There are two ways of printing a number on the screen, the first of which is to make use of the same routine that the ROM uses to print Sinclair BASIC line numbers. For this we simply load the bc register pair with the number we wish to print, then call 6683:
ld bc,(score) call 6683
However, since BASIC line numbers can go only as high as 9999, this has the disadvantage of only being capable of displaying a four digit number. Once the player’s score reaches 10000 other ASCII characters are displayed in place of numbers. Fortunately, there is another method which goes much higher. Instead of calling the line number display routine we can call the routine to place the contents of the bc registers on the calculator stack, then another routine which displays the number at the top of this stack. Don’t worry about what the calculator stack is and what its function is because it’s of little use to an arcade games programmer, but where we can make use of it we will. Just remember that the following three lines will display a number from 0 to 65535 inclusive:
ld bc,(score) call 11563 ; stack number in bc. call 11747 ; display top of calc. stack.
To set the permanent ink, paper, brightness and flash levels we can write directly to the system variable at 23693, then clear the screen with a call to the ROM:
; We want a yellow screen. ld a,49 ; blue ink (1) on yellow paper (6*8). ld (23693),a ; set our screen colours. call 3503 ; clear the screen.

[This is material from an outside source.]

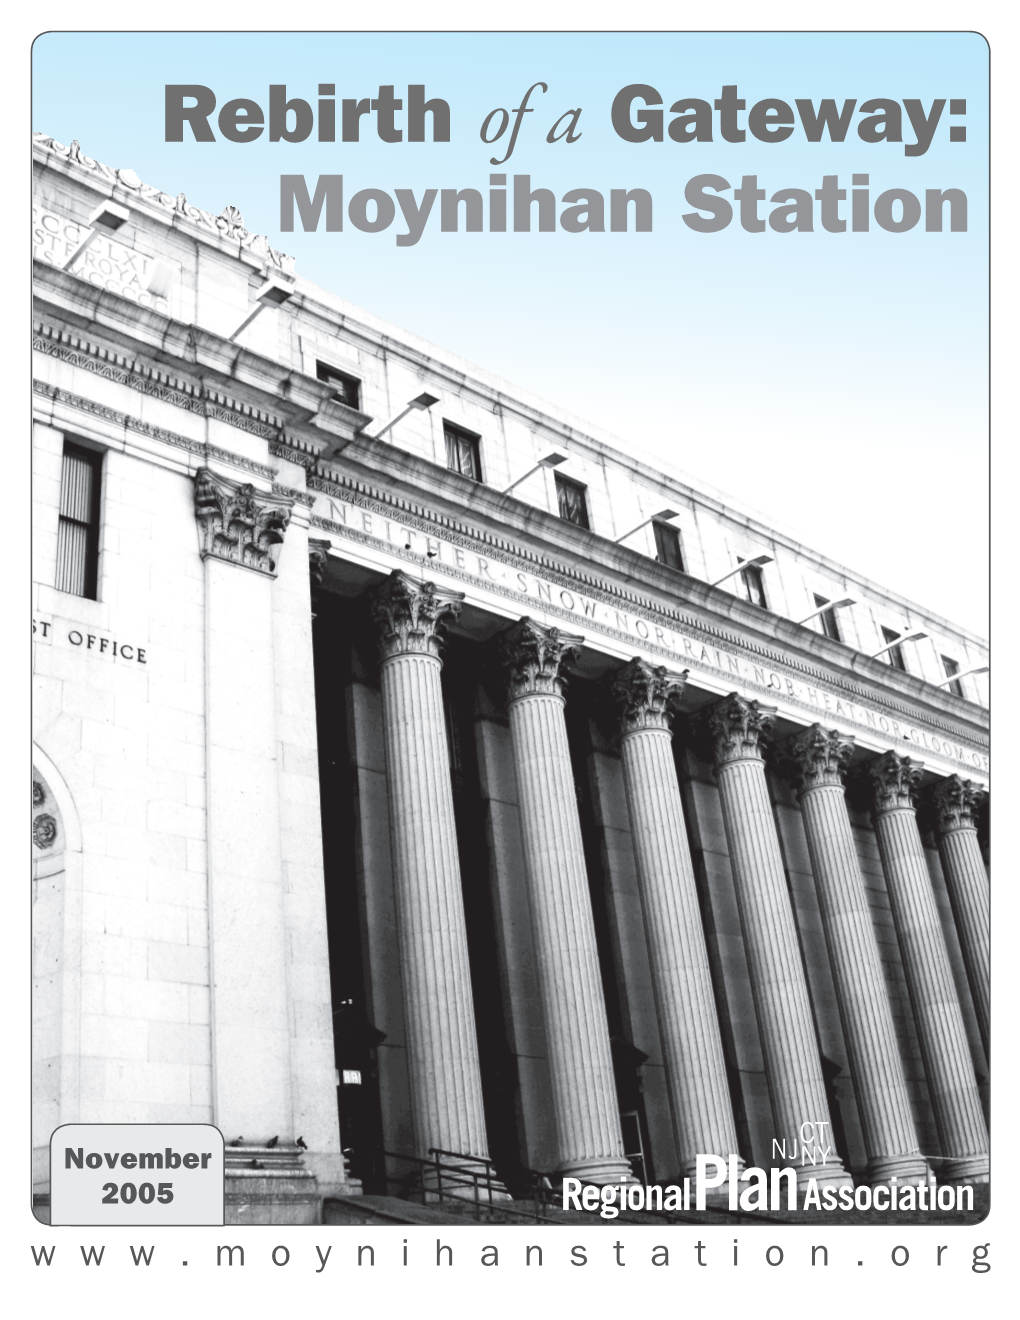 Moynihan Station

The quickest and simplest way to set the border colour is to write to port 254. The 3 least significant bits of the byte we send determine the colour, so to set the border to red:
ld a,2 ; 2 is the code for red. out (254),a ; write to port 254.
Port 254 also drives the speaker and Mic socket in bits 3 and 4. However, the border effect will only last until your next call to the beeper sound routine in the ROM (more on that later), so a more permanent solution is required. To do this, we simply need to load the accumulator with the colour required and call the ROM routine at 8859. This will change the colour and set the BORDCR system variable (located at address 23624) accordingly. To set a permanent red border we can do this:
ld a,2 ; 2 is the code for red. call 8859 ; set border colour.